Ce petit thésaurus rassemble des machines de mémoire imaginées entre 1990 et 2019 dans différents films et séries télévisées de science-fiction. Depuis la fin du XXe siècle, les fictions audiovisuelles occidentales mettent en scène une panoplie de technologies de manipulation des souvenirs et de la mémoire personnelle toujours plus sophistiquées les unes que les autres. Travaillant fantasmes, désirs et inquiétudes, les œuvres imaginent par exemple la possibilité d’enregistrer nos souvenirs biologiques sous un format numérique, de ne plus jamais rien oublier et de pouvoir effacer, en l’espace d’un instant, des souvenirs trop lourds à porter. Dans certains récits, des machines permettent même de copier l’entièreté de la mémoire d’un individu en vue d’une réincarnation post-mortem. Souvent mises au point par des laboratoires rattachés à des multinationales ultracapitalistes, les nombreuses machines imaginées sont mises en circulation dans des marchés légaux aussi bien qu’illégaux. Certaines sont encore en développement et présentent des risques, quand d’autres ont été fabriquées dans le sous-sol de savants fous ou sont le fruit du pur hasard. Les créatrices et créateurs des productions science-fictionnelles ont ainsi donné forme à de multiples technologies de « mémoire totale » (Caccamo, 2017a).

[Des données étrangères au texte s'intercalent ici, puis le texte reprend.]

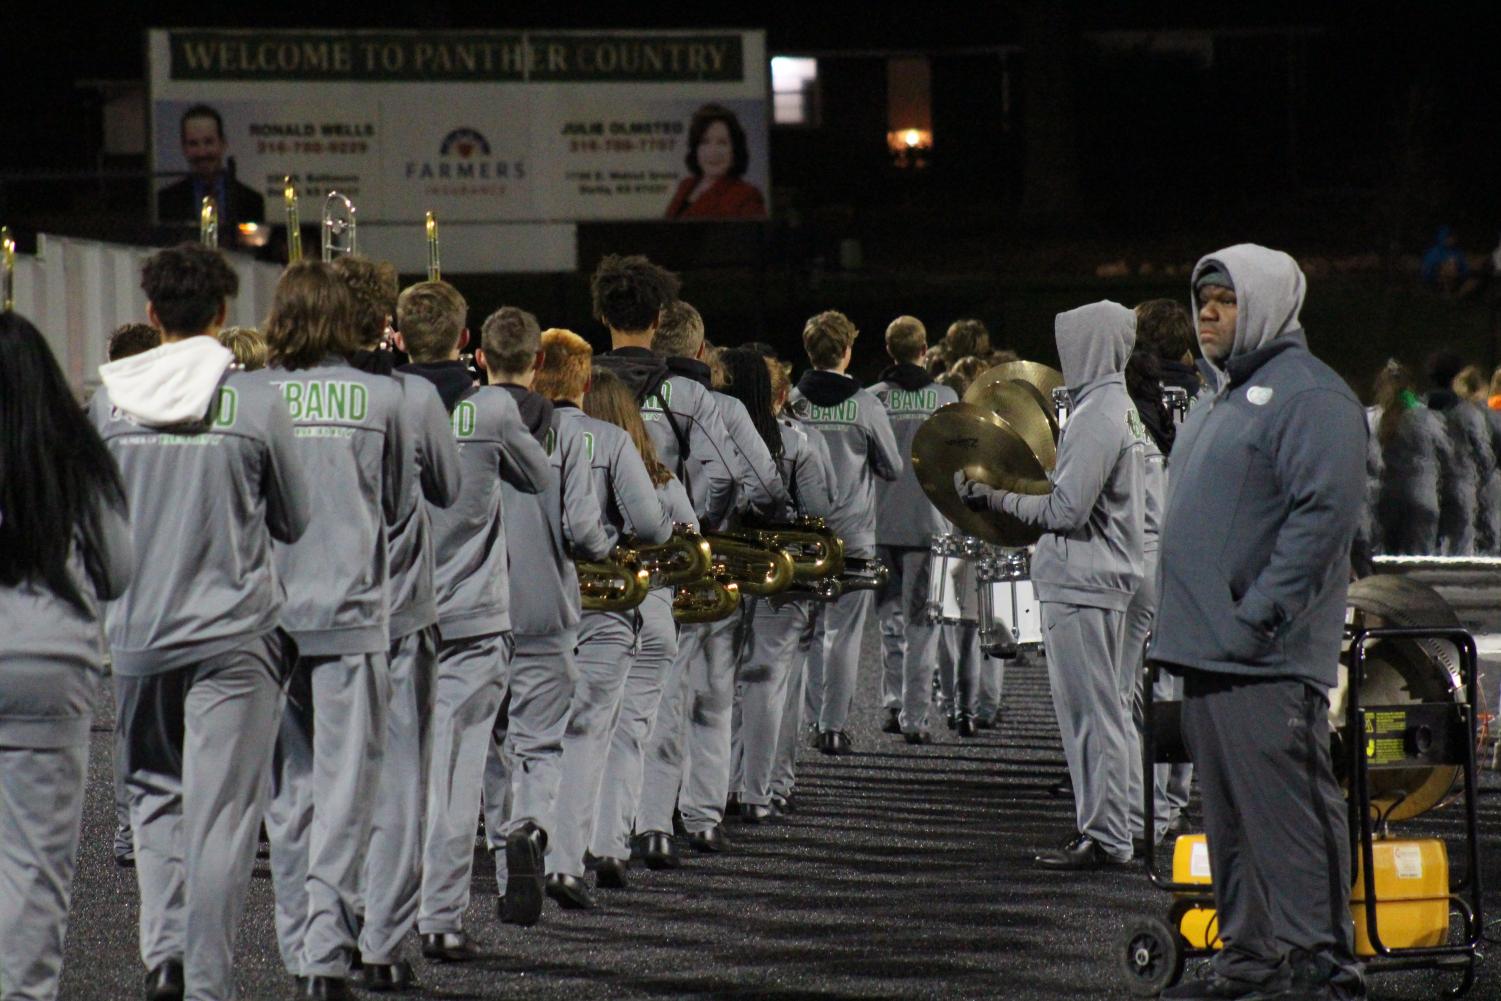 Football+Sectional+Championship+vs.+Lawrence+Free+State+11%2F12+%28Photos+by+Natalie+Wilson%29

Dans les univers fictionnels, les bionanopuces implantées dans le corps côtoient les casques de stimulation électromagnétique, les interfaces nerveuses numériques, les clones robotiques, les caissons et les sièges d’implantation de souvenirs. Selon leurs caractéristiques matérielles et fonctionnelles, ces machines imaginaires permettent notamment (1) d’archiver la mémoire humaine, c’est-à-dire (a) d’encoder sous un format numérique les souvenirs, la mémoire autobiographique et les autres mémoires, celle des connaissances conceptuelles (mémoire sémantique) et celle du corps (mémoire procédurale), ainsi que (b) de conserver ces données encodées. Selon leurs configurations, les machines peuvent aussi (2) offrir un accès aux données archivées, sous la forme d’images audiovisuelles, de lignes de code ou de stimulations phénoménologiques, et (3) altérer la mémoire d’un individu.

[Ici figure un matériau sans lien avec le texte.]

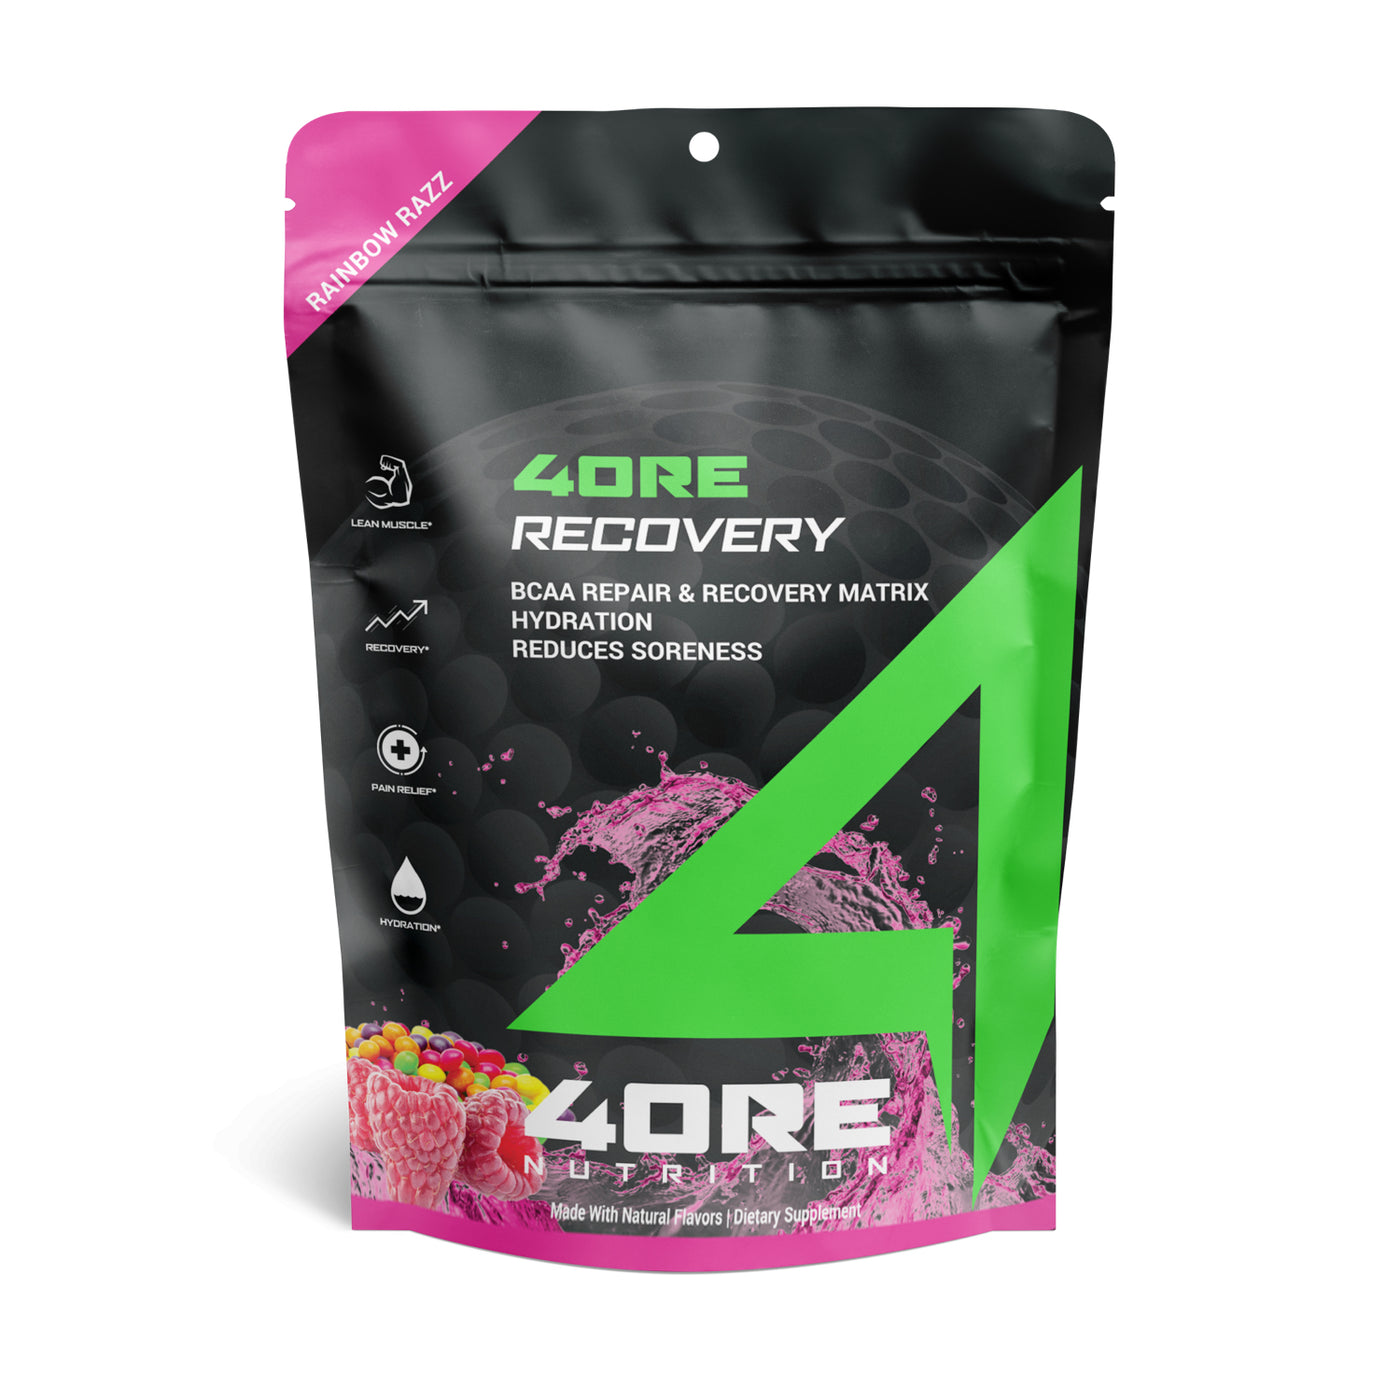 4ORE RECOVERY - 4ORE NUTRITION 4ORE RECOVERY Rainbow Razz 20 Serving Pouch (5873144234145)

Les machines de mémoire totale font l’objet de nombreux usages prévus et détournés. Grâce à un encodage continu ou ponctuel des percepts de leurs usagers, elles peuvent servir à enregistrer, quantifier, organiser et rejouer les « souvenirs » numérisés. Les personnages adoptent en ce sens une pratique d’hyperlifelogging. D’autres machines « augmentent » la capacité de rétention d’information. Elles trouvent une fonction utilitaire ou d’assistance au quotidien. Dans certains cas, les images de mémoire enregistrées par les bionanopuces peuvent trouver une dimension symbolique et commémorative. Les données mémorielles sont par exemple utilisées afin de rendre hommage aux défunts. Elles servent en quelque sorte de témoignage à la première personne en l’absence de la personne maintenant décédée.

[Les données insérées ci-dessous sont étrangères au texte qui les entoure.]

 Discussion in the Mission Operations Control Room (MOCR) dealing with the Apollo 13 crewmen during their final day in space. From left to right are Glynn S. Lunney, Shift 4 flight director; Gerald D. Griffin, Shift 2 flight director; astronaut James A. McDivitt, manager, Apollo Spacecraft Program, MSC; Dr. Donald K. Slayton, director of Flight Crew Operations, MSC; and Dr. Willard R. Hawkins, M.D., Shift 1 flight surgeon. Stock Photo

La mémoire numérisée est aussi une source de profit et de divertissement. Dans les univers fictionnels, il existe de nombreuses multinationales et de nombreux marchés plus ou moins légaux spécialisés dans la vente et l’implantation de mémoire : l’on y trouve une vaste gamme de produits et de services reposant sur la marchandisation de la mémoire biologique et des corps humains. Il n’est pas rare que ces marchés reposent sur l’exploitation humaine, voire sur une mise en esclavage des individus.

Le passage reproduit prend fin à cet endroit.